→ **Data excerpt**
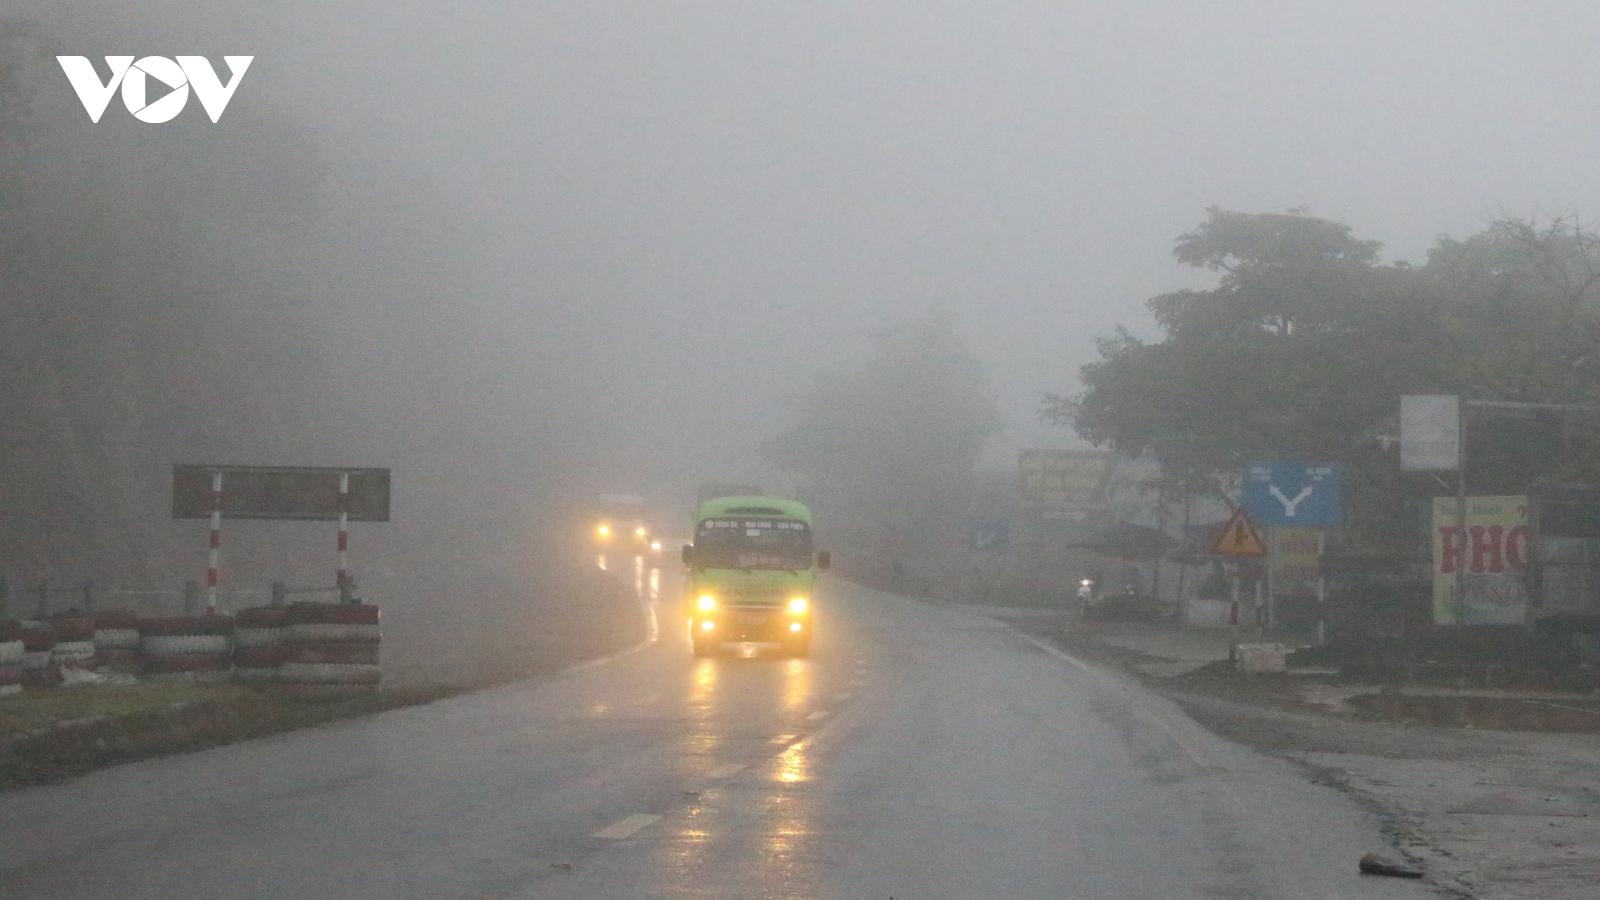 Quốc lộ 6 mưa mù, đường trơn trượt, tiềm ẩn tai nạn giao thông
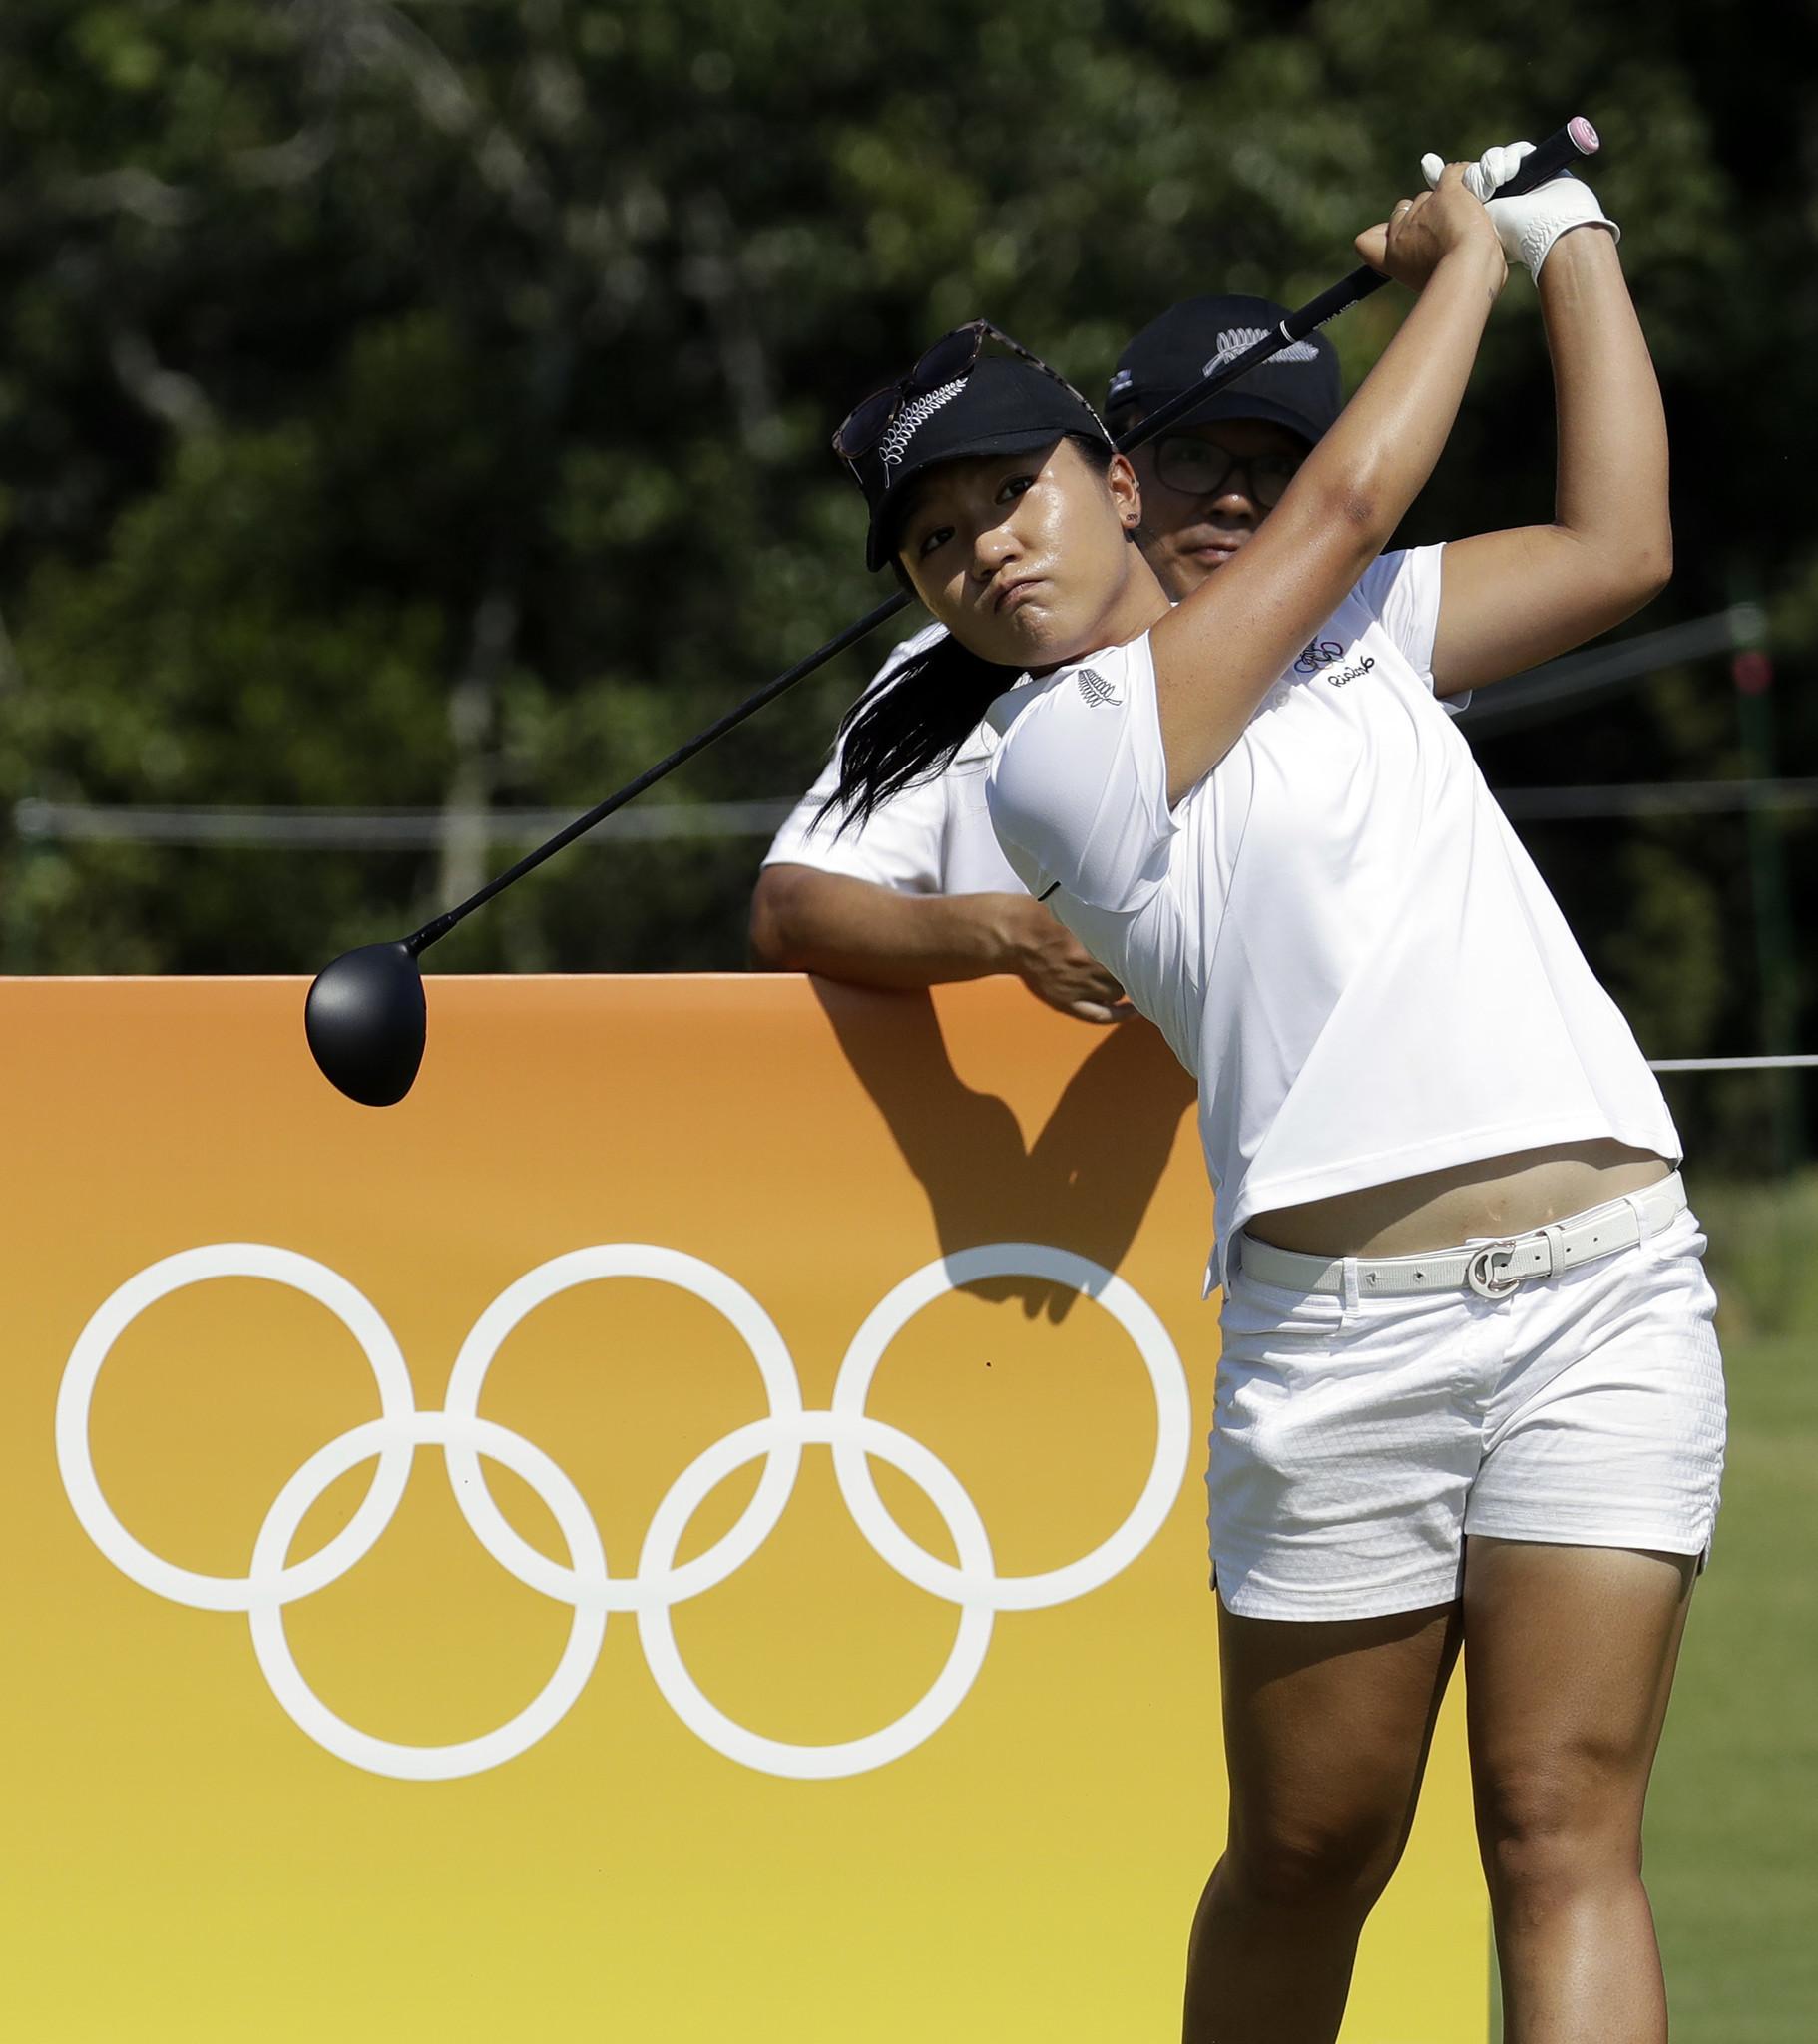 Golf Kiwi Ko Not At Top Just Yet: LPGA Star Lydia Ko Chases More Wins Amid Major Changes
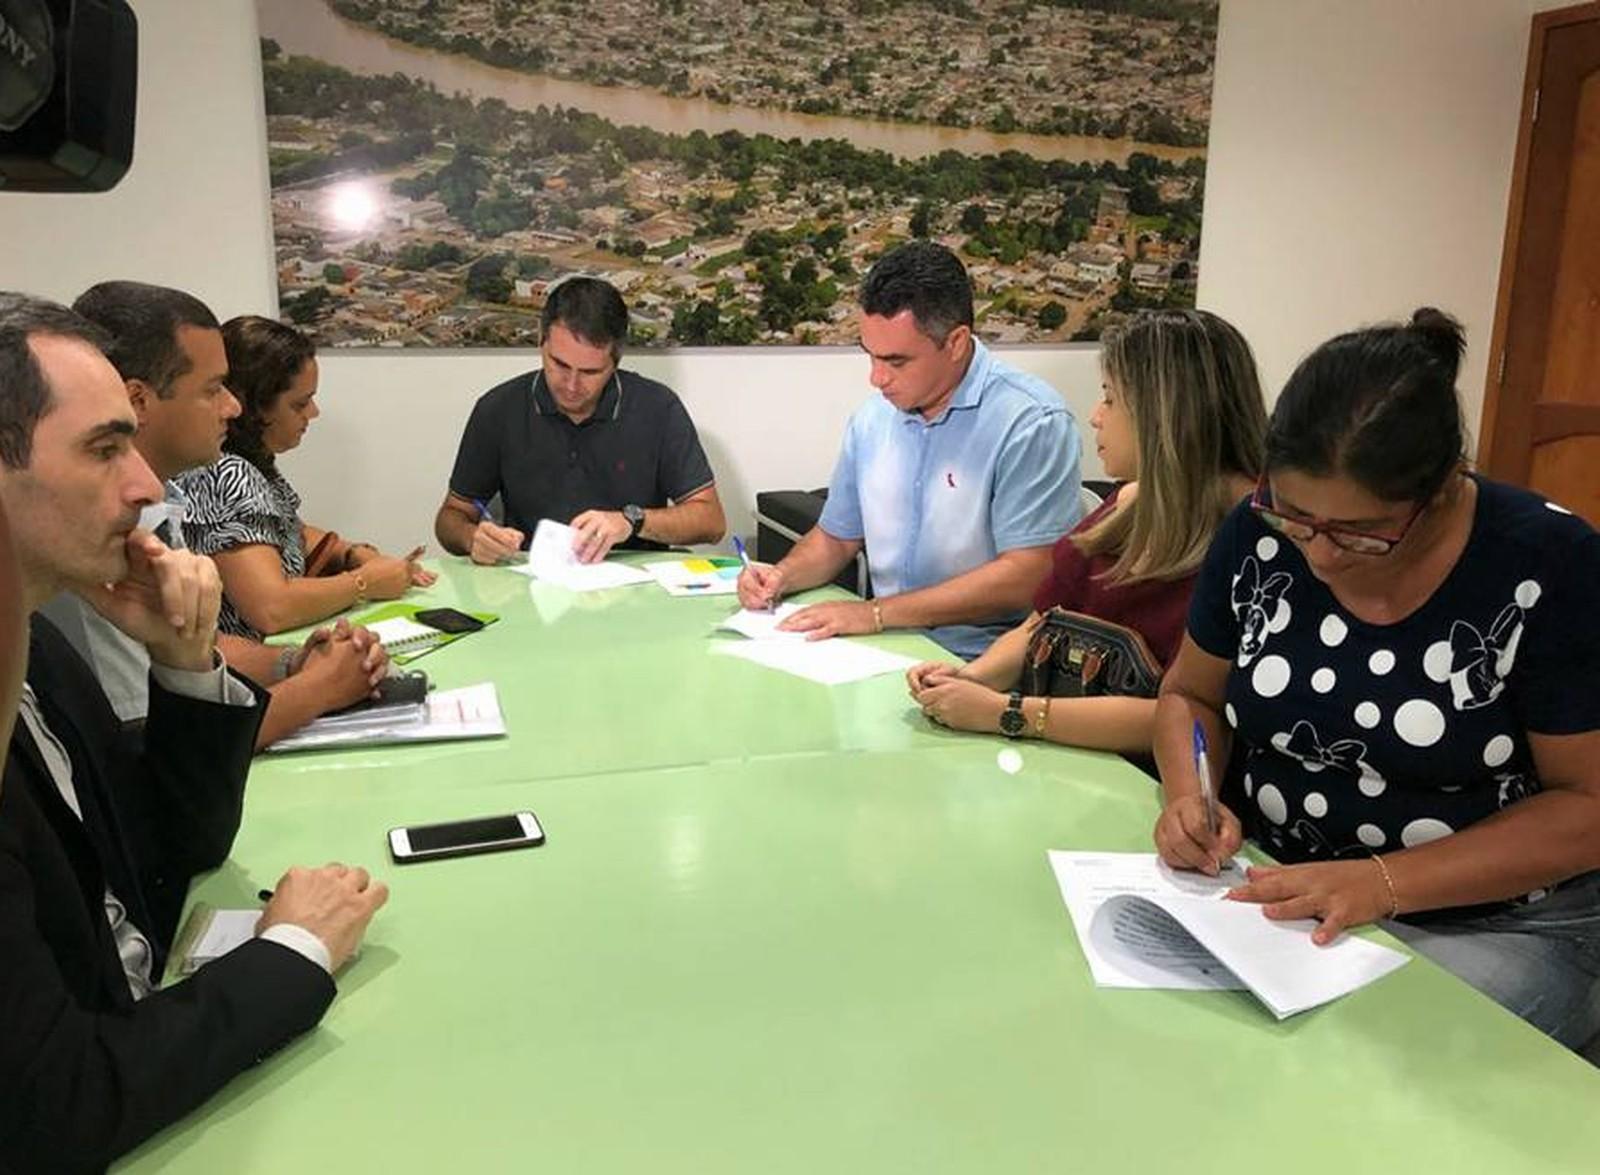 Termo de cooperação entre municípios foi assinado na quarta (28) (Foto: Assis Lima/Asscom )

→ **Work item**
Everything above should be given again exactly, apart from the pictures.

→ **Answer to the problem**
 Quốc lộ 6 mưa mù, đường trơn trượt, tiềm ẩn tai nạn giao thông
 Golf Kiwi Ko Not At Top Just Yet: LPGA Star Lydia Ko Chases More Wins Amid Major Changes
 Termo de cooperação entre municípios foi assinado na quarta (28) (Foto: Assis Lima/Asscom )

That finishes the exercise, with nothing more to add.